--- WORK REQUIRED ---
An exact transcription is needed, beginning at the line with "Opening the drive tray handle" and ending at the last line of the listing, with pictures left out and nothing else added.

COLLECTED MATERIAL START

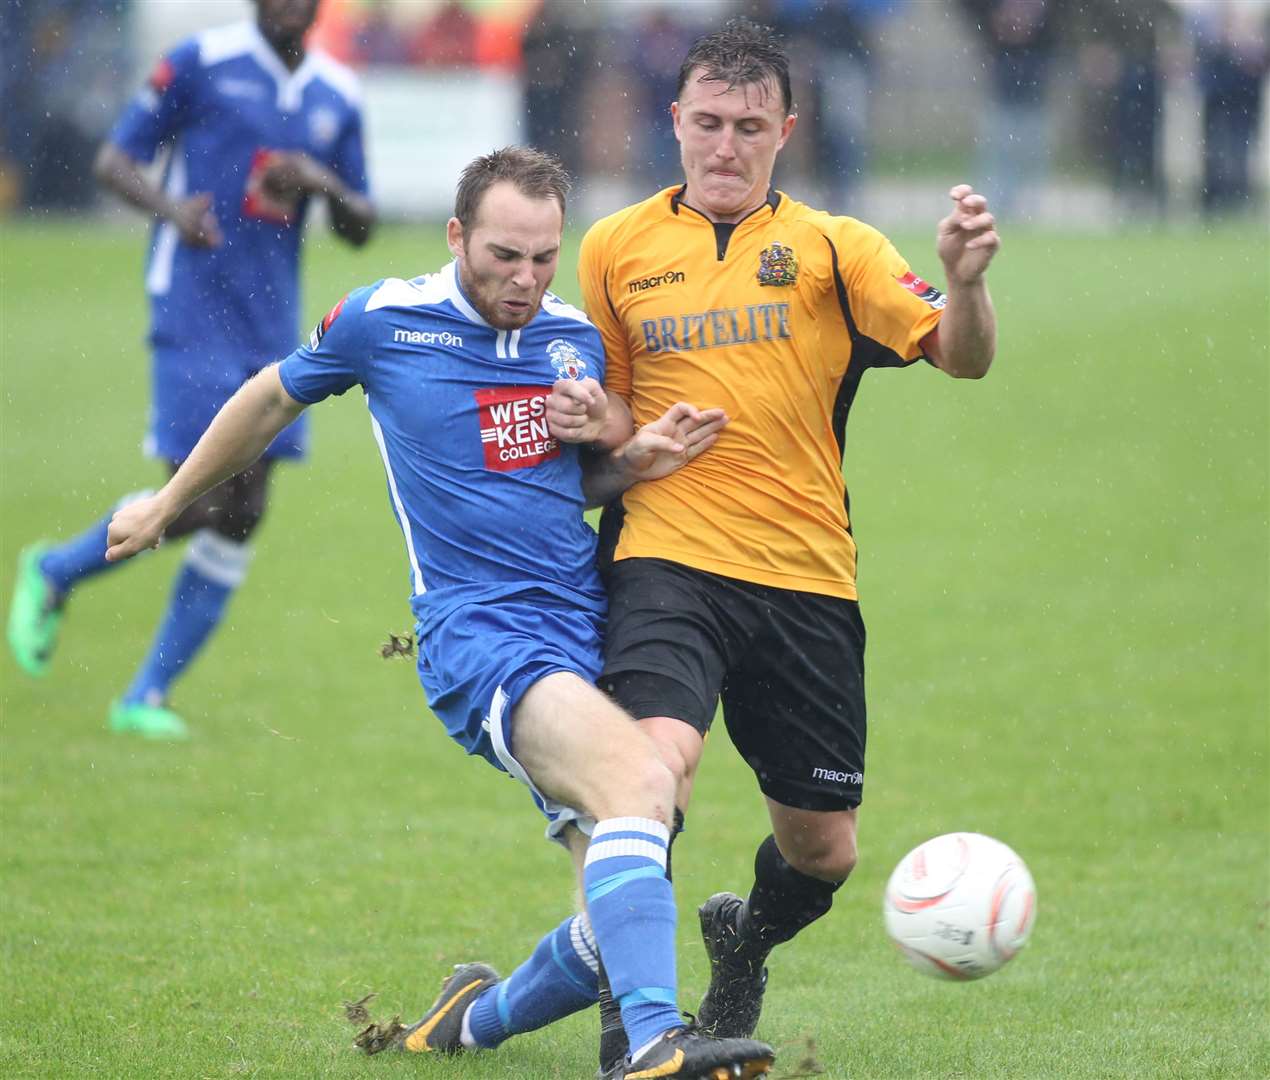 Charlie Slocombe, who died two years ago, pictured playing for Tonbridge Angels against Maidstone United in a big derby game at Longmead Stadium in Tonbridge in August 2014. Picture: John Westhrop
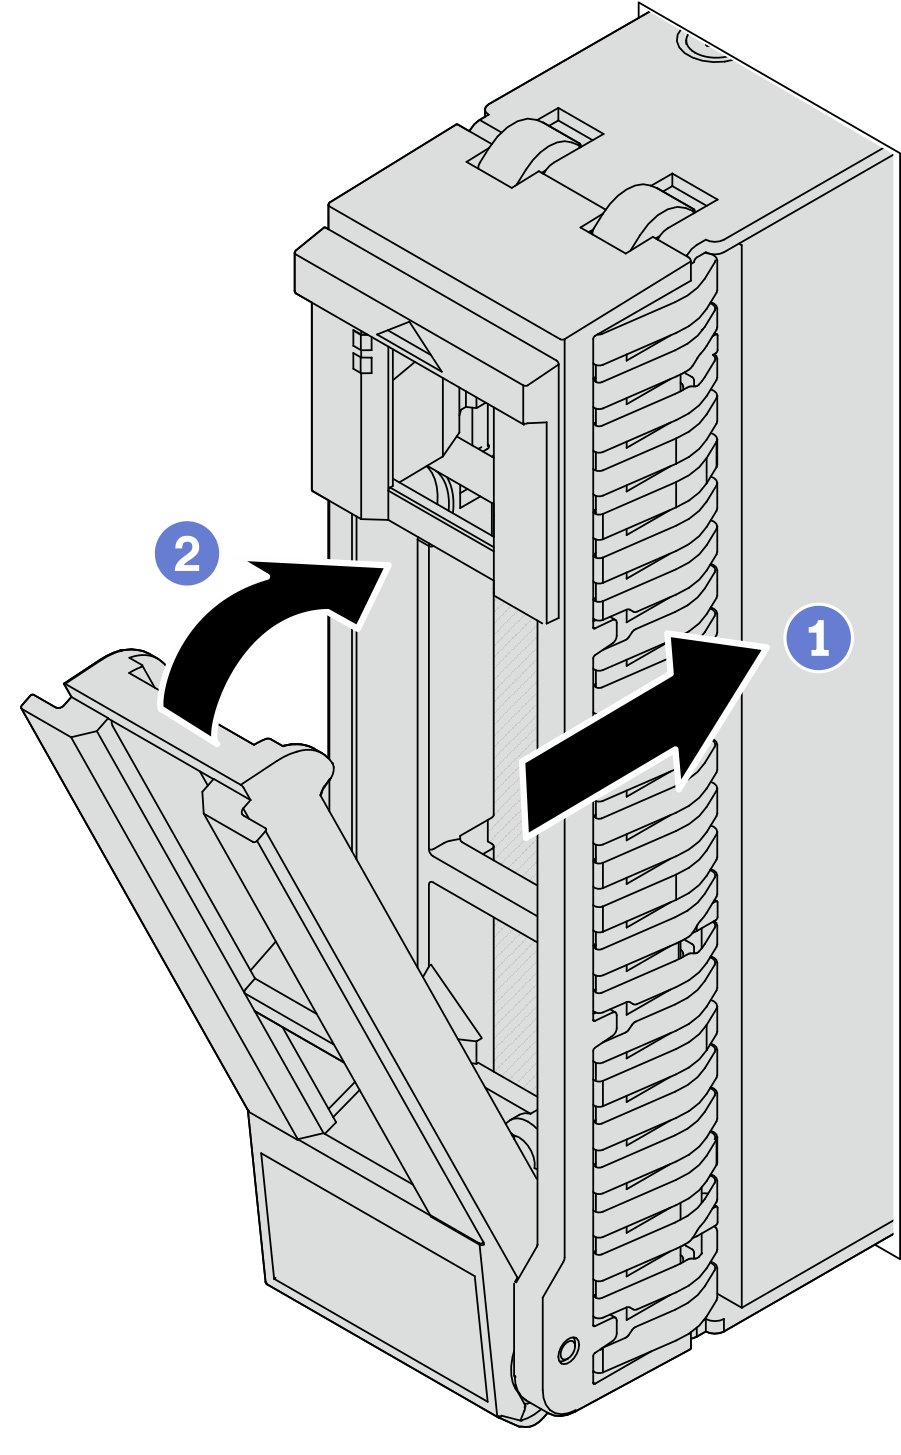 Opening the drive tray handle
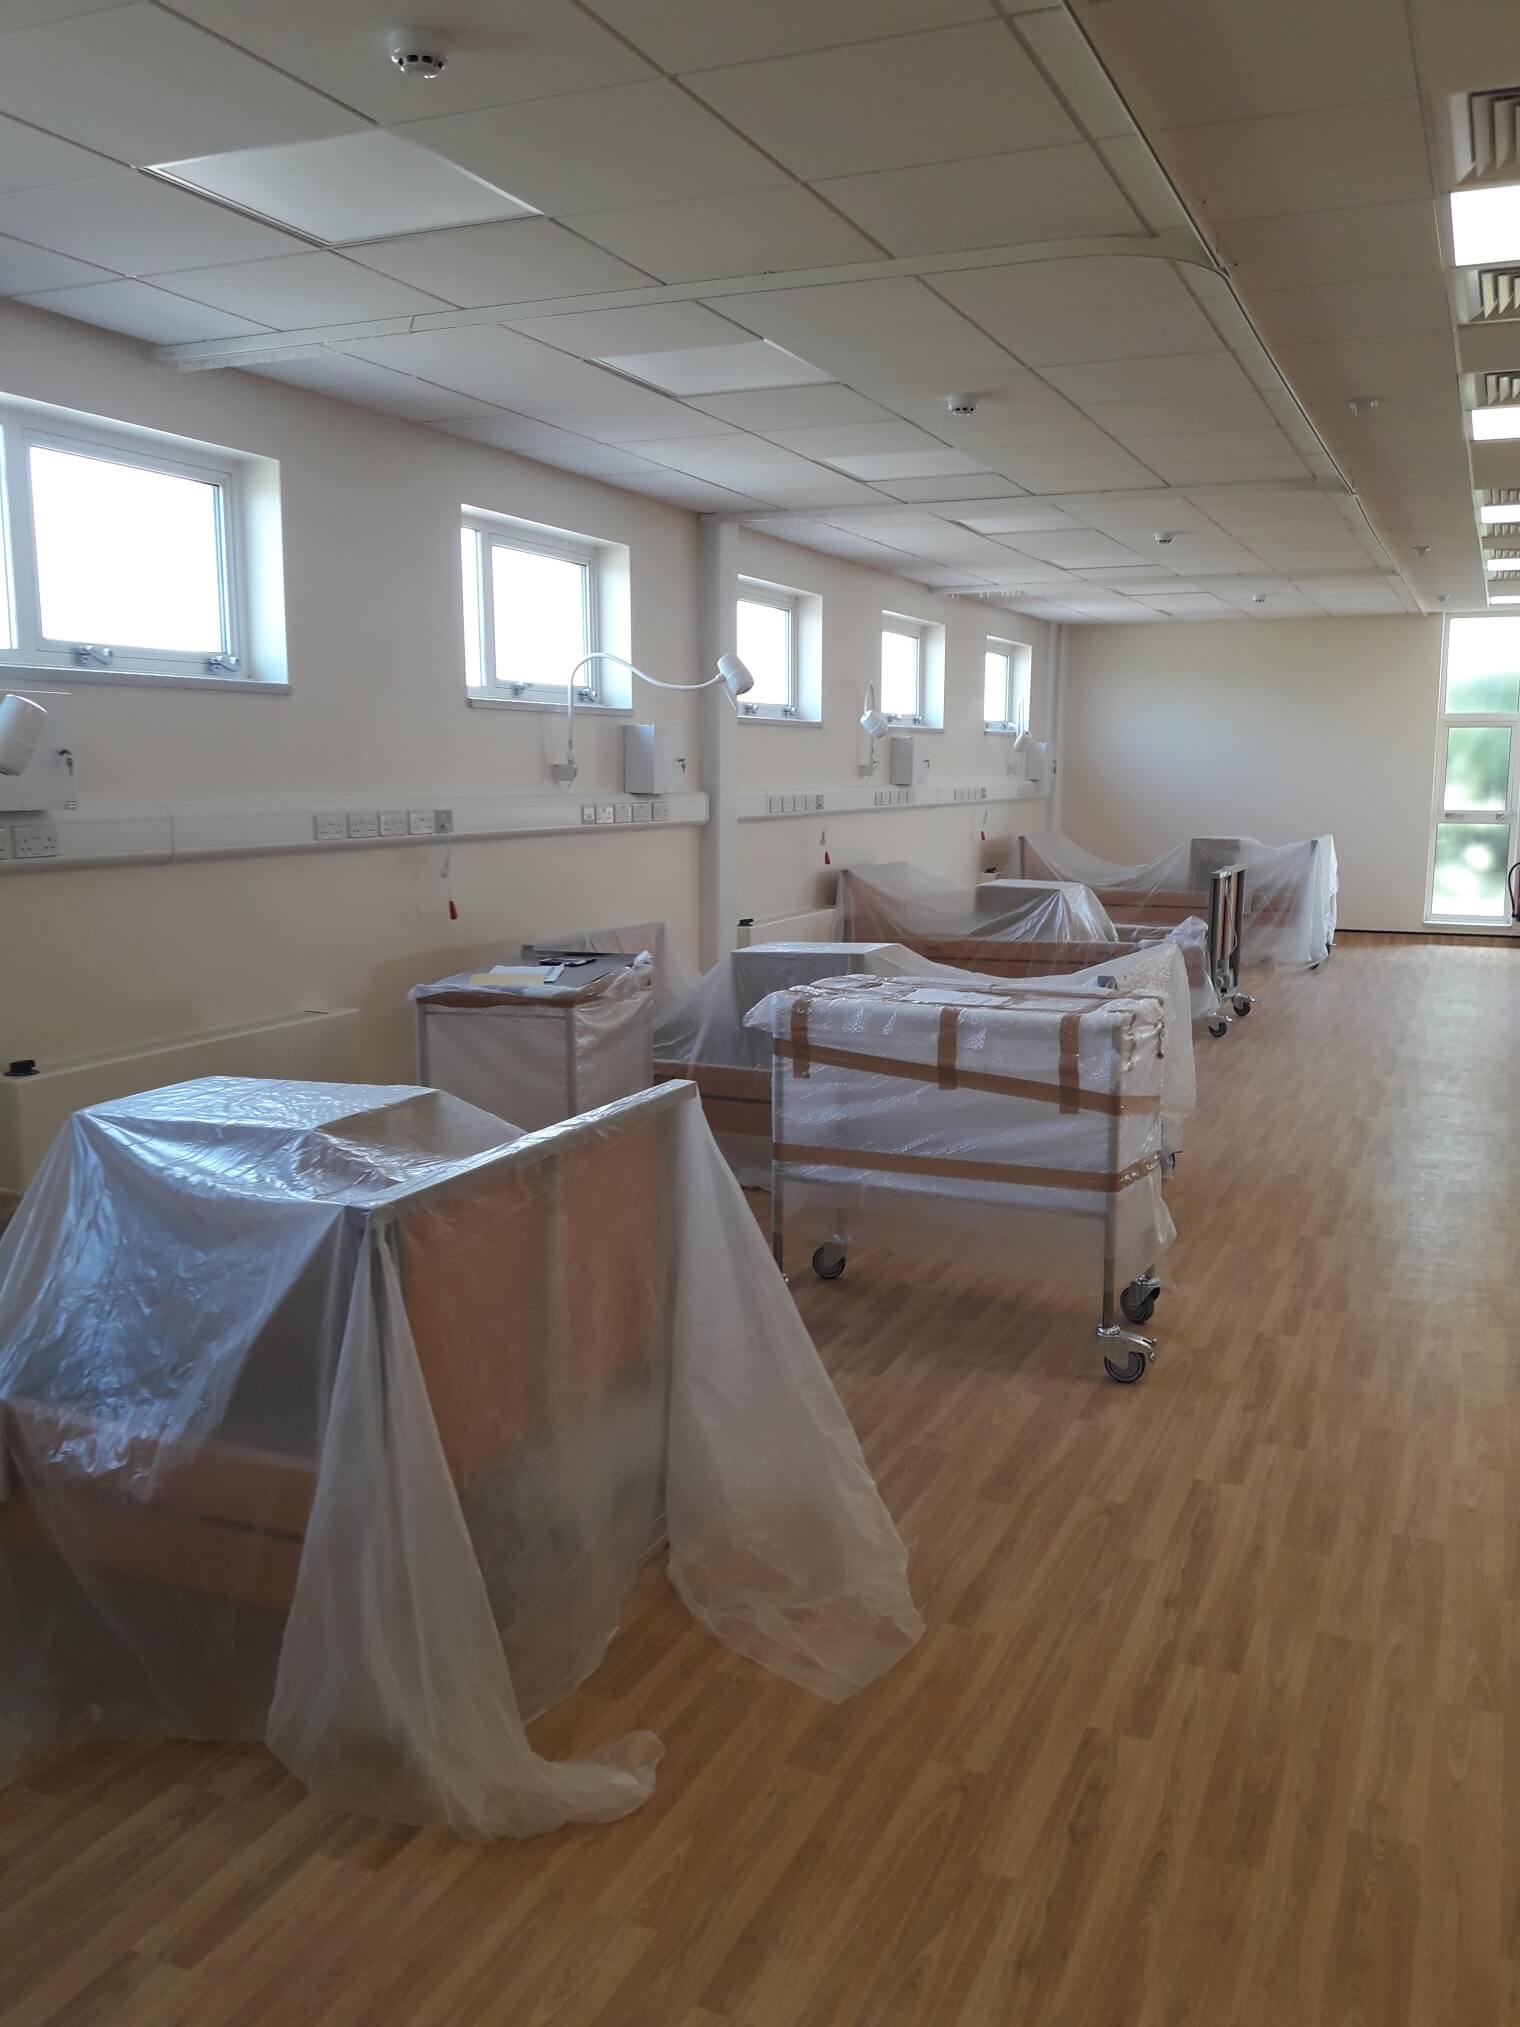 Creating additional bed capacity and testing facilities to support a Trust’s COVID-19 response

COLLECTED MATERIAL END

--- ANSWER SECTION ---
 Opening the drive tray handle
 Creating additional bed capacity and testing facilities to support a Trust’s COVID-19 response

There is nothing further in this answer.